The configuration of conditions or expressions defining problematic situations is called an event or trigger. As network management systems collect data, they also check for configured trigger conditions. Each trigger is paired with an actions to take upon being detected and later to take after the problem has been resolved. These actions can be alerts sent by email or other means (instant messaging, SMS, etc) to notify a system administrator of the problem. They can also run any script or program to perform any action the administrator desires. For conditions that result in the execution of well defined procedures, these can be codified and called automatically upon detection.
The automation of response systems as seen above is an extremely powerful tool. Many conditions can be predicted in advance, and the corrective procedures put in scripts to be run upon detection. This results in systems that can not only detect when problems exist, but systems that fix themselves as they occur. Notifications can (and should) be sent in these situations, but the previous delays in getting a human administrator notified, time allocated, and then the problem resolved have been removed. Systems run better with less down time and administrators can focus their precious resources on more critical issues.
Network Management (NMS) and Security Information and Event Management (SIEM) Systems
Network Management Systems (NMS) are similar to Security Information and Event Management (SIEM) systems (covered in the Analysis and Response section) but differ in how data is obtained and used. Network Management systems are used to capture data on arbitrary observable and measurable (quantifiable) aspects of an enterprise network. This includes sensor data, interface attributes, applications (local and network), databases, devices, and pretty much anything else that can be measured from a script, program, or via a standard network management interface/protocol.
Security Information and Event Management (SIEM) systems on the other hand get most of their data from machine generated files or feeds, and includes the intelligent consolidation and processing of logfile data. This information is reduced, filtered, and then analyzed and correlated with historic and/or external data. The data (raw and/or processed) is stored in a database for later reference. SIEM systems are primarily concerned with security and can make use of threat analysis feeds and information provided by local intrusion detection or prevention systems. In many commercial products the SIEM functionality is bundled with an IPS.
Both NMS and SIEM systems have the ability to generate alerts and perform actions based on the data they process. Both can be configured to graphically display the results of the analytics and take conditional action. As a rule of thumb (there are always exceptions) network management systems are better suited to the measuring of operational data. They monitor data that can be readily observed via the platform, programs, scripts, or through standard network management interfaces/protocols. This data (capacities, machine loading, sensors) is often better seen through network management platforms.

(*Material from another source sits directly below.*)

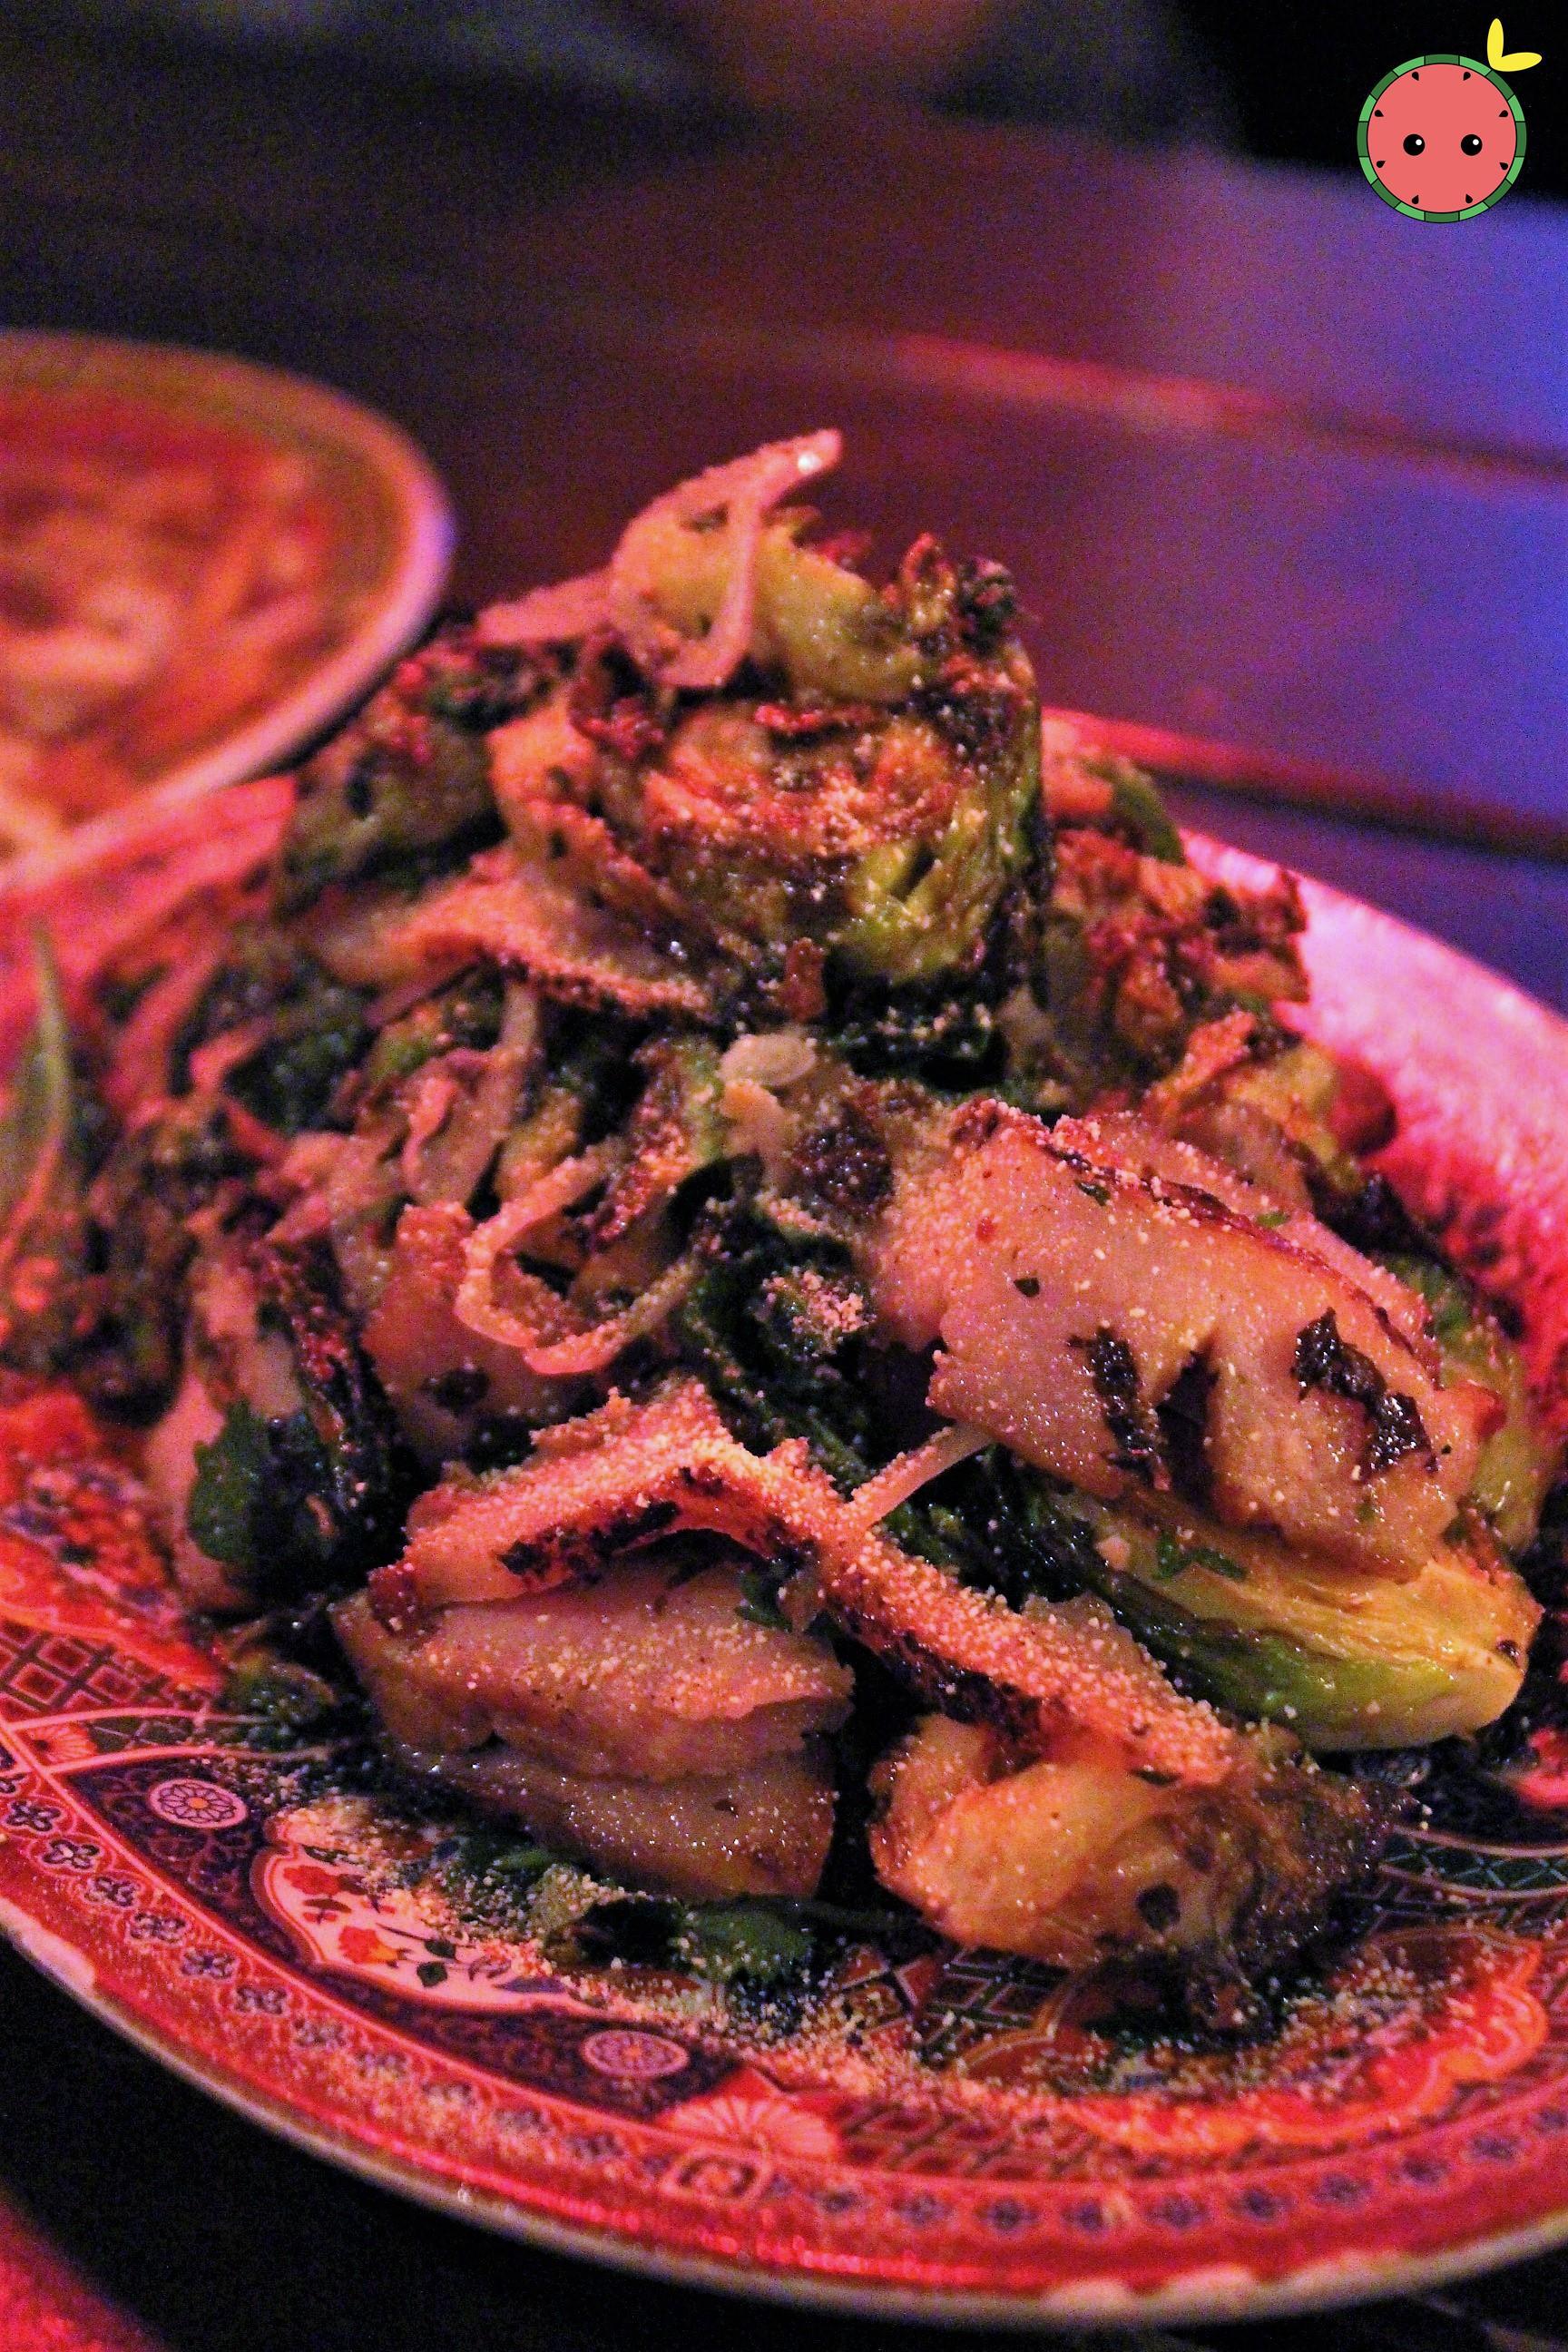 Grilled Pork Jowl

SIEM systems on the other hand, with their focus on security, are better suited in processing data generated by systems or applications. Logfile data often has more detailed information present than what can be observed from a distance. For instance malformed TCP packets designed to disrupt communication at the lower layers of the network stack are difficult to impossible to track with a network management system. Logfile data on the other hand can be configured to contain all the offending packet details for later analysis and correlation (our host security configurations are setup to do this). This information, especially when combined with external threat analysis and historic data, provides a very different view into what is happening on the network and forms the basis for more advanced countermeasures.
SIEM systems, when configured in a passive or offline mode, can be used to analyze huge amounts of data spread over a large period of time. By comparing this data with threat analysis feed data or with behavior analysis tools can detect problems that simple Network Management or active SIEM system will miss. They are also better suited for anomaly detection over a longer period of time.
As NMS and SIEM solutions continue to evolve, the capabilities of these systems continue to exhibit a greater degree of overlap in their functionality. Zabbix for instance has the ability to pull data in from logfiles. Some SIEM solutions come bundled with basic NMS functionality and can monitor remote resources via SNMP or other means. While not as efficient as NMS based approached, SIEM agents can be configured to provide many of the same data as a custom configured NMS. Based on the inherent differences in where and how they obtain their data as well as tools available for the processing of this information, both types of systems will continue to be essential tools in the managing of modern enterprise networks for some time. If these systems continue to evolve as they are now, we envision the day where only one solution type will be needed.